What follows is the second answer:
In the future, your random disturbance will be $U=R_1 + R_2$. I presume that $R_1$ and $R_2$ are independent. Then $\Sigma_U = \Sigma_{R_{1}} + \Sigma_{R_{2}}$. Given your current sample, you can estimate $\hat \Sigma_{R_{1}}$ separately, and you are very lucky to know the true $\Sigma_{R_{2}}$. Then a perfectly valid estimate of $\Sigma_U$ is $\hat \Sigma_U= \hat \Sigma_{R_{1}}+\Sigma_{R_{2}}$. What you don't have is estimates $\hat B^*$ that would be derived using some $Y^*=Y+R_2$ (if it was available). So it appears somehow "internally inconsistent" to use $\hat \Sigma_U$ together with $ \hat B =\left(X'X\right)^{-1}X'Y $ for hypothesis testing and statistical inference in general. Ideally you would want to have available estimates $ \hat B^* =\left(X'X\right)^{-1}X'Y^* $, to use with $\hat \Sigma_U$... Ideally yes, -but is it erroneous to do statistical inference by using $ \hat B$ and $\hat \Sigma_U$? The answer is, thankfully, no.

First let's consider what exactly would be the difference between $\hat B$ and $\hat B^*$:

$$ \hat B^* =\left(X'X\right)^{-1}X'Y^* = \left(X'X\right)^{-1}X'\left(Y+R_2\right)= \hat B+ \left(X'X\right)^{-1} X' R_2 $$ which can be written

$$ \hat B^* = \hat B+ \left(\frac1nX'X\right)^{-1} \left(\frac 1nX' R_2\right) $$ where $n$ is the sample size. If your sample size is respectably large, and the usual uncorrelatedness assumption between regressors and error hopefully hold, then the second term will be close to zero and hence we expect $ \hat B^* \approx \hat B$ (note that the regressor matrix is the same). But this is the practical approach to the matter. The very helpful fact is, that if we can incorporate more information in our inference, then we can (and should) do it even if this new information won't affect all our estimates.
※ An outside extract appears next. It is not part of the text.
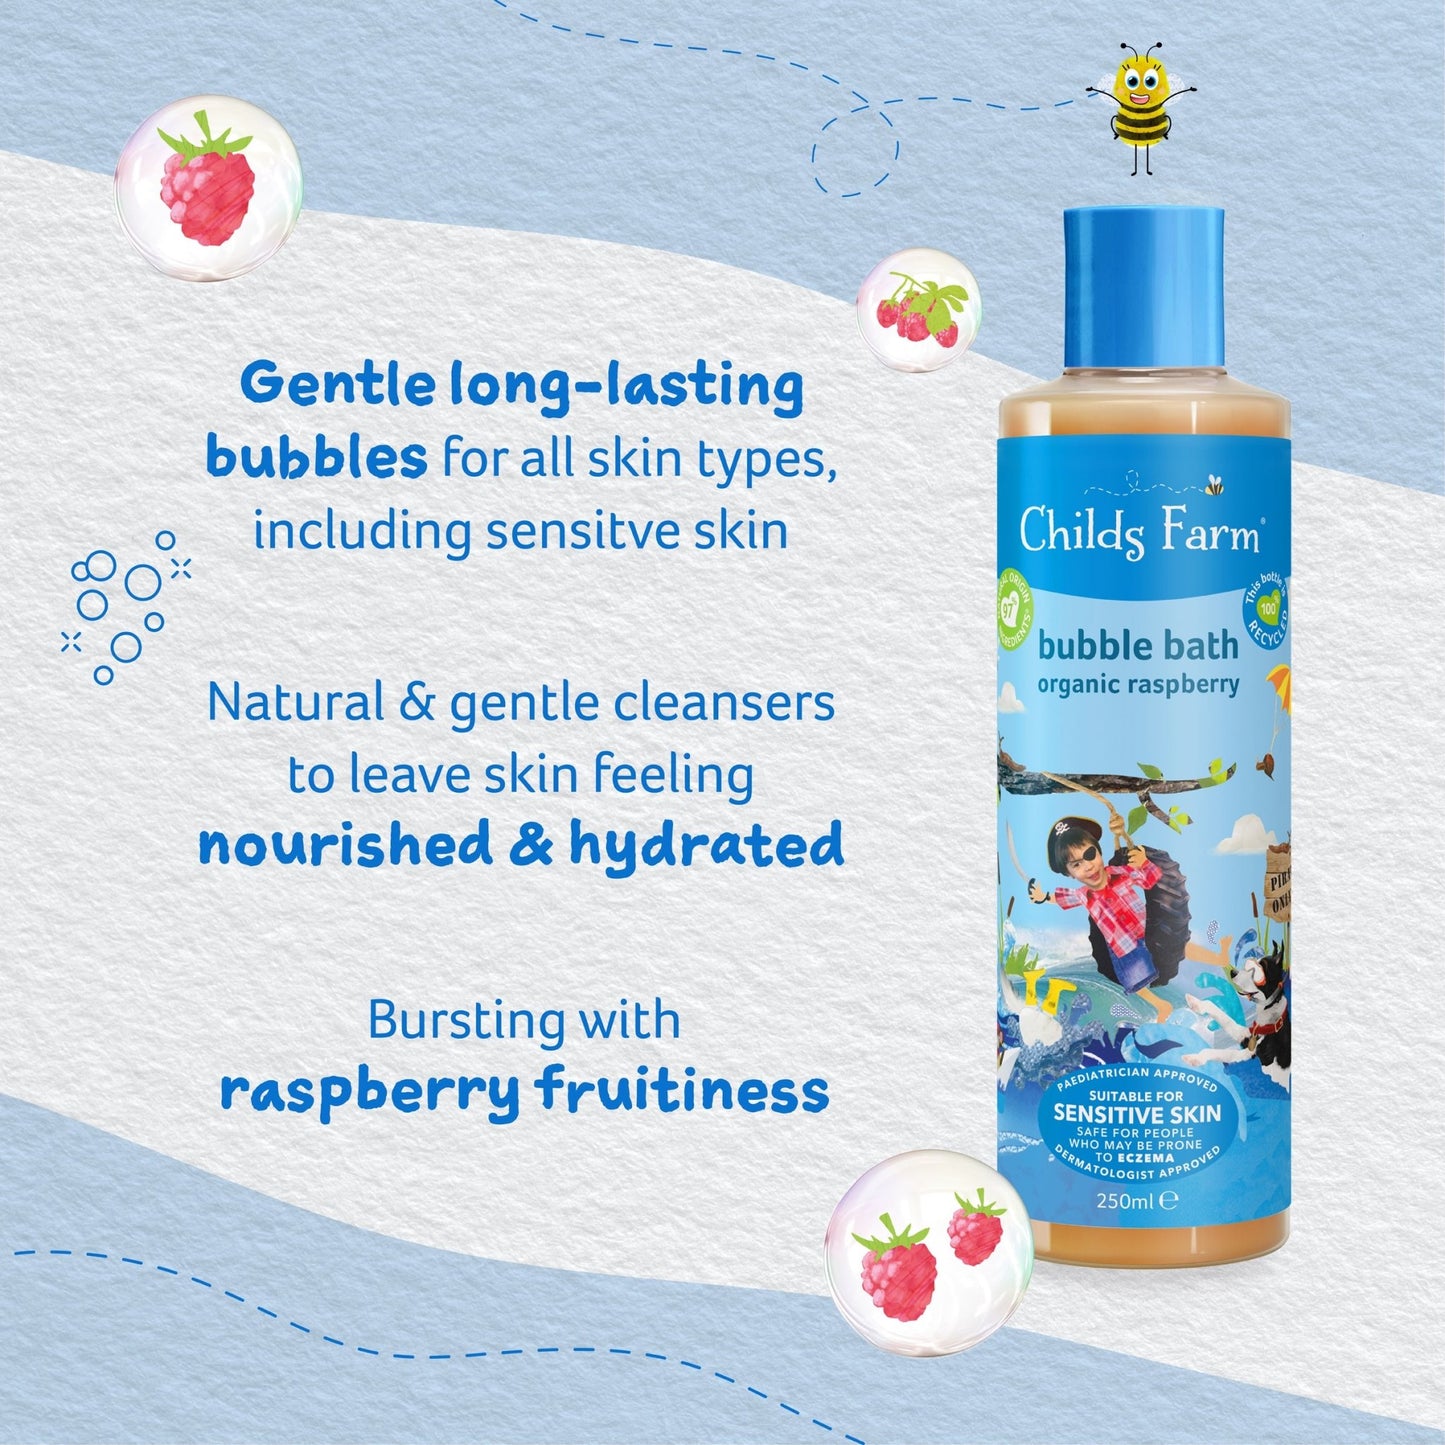 [STAFF] bubble bath organic raspberry

This is fundamental: through statistics we approximate reality, and the approximation error accumulates from different sources - we do not have to wipe out all approximation error, or do nothing at all. We can partially improve by eliminating one source of it. Think of the following cases:
A) We suspect heteroskedasticity. One way to proceed is to replace the estimated covariance matrix with a "heteroskedasticity-robust" covariance matrix. But this is not the matrix the OLS estimator gave us. Still, we can use it.
B) Assume no new future disturbance will appear. You estimate your current sample, and you obtain $\hat B $ and $\hat \Sigma_{R_{1}}$. Then somebody comes along and reveals to you the true $\Sigma_{R_{1}}$. You would use $\Sigma_{R_{1}}$ instead of $\hat \Sigma_{R_{1}}$ in your hypothesis testing, because then your t-statistic would have an exact standard normal distribution: you are better off.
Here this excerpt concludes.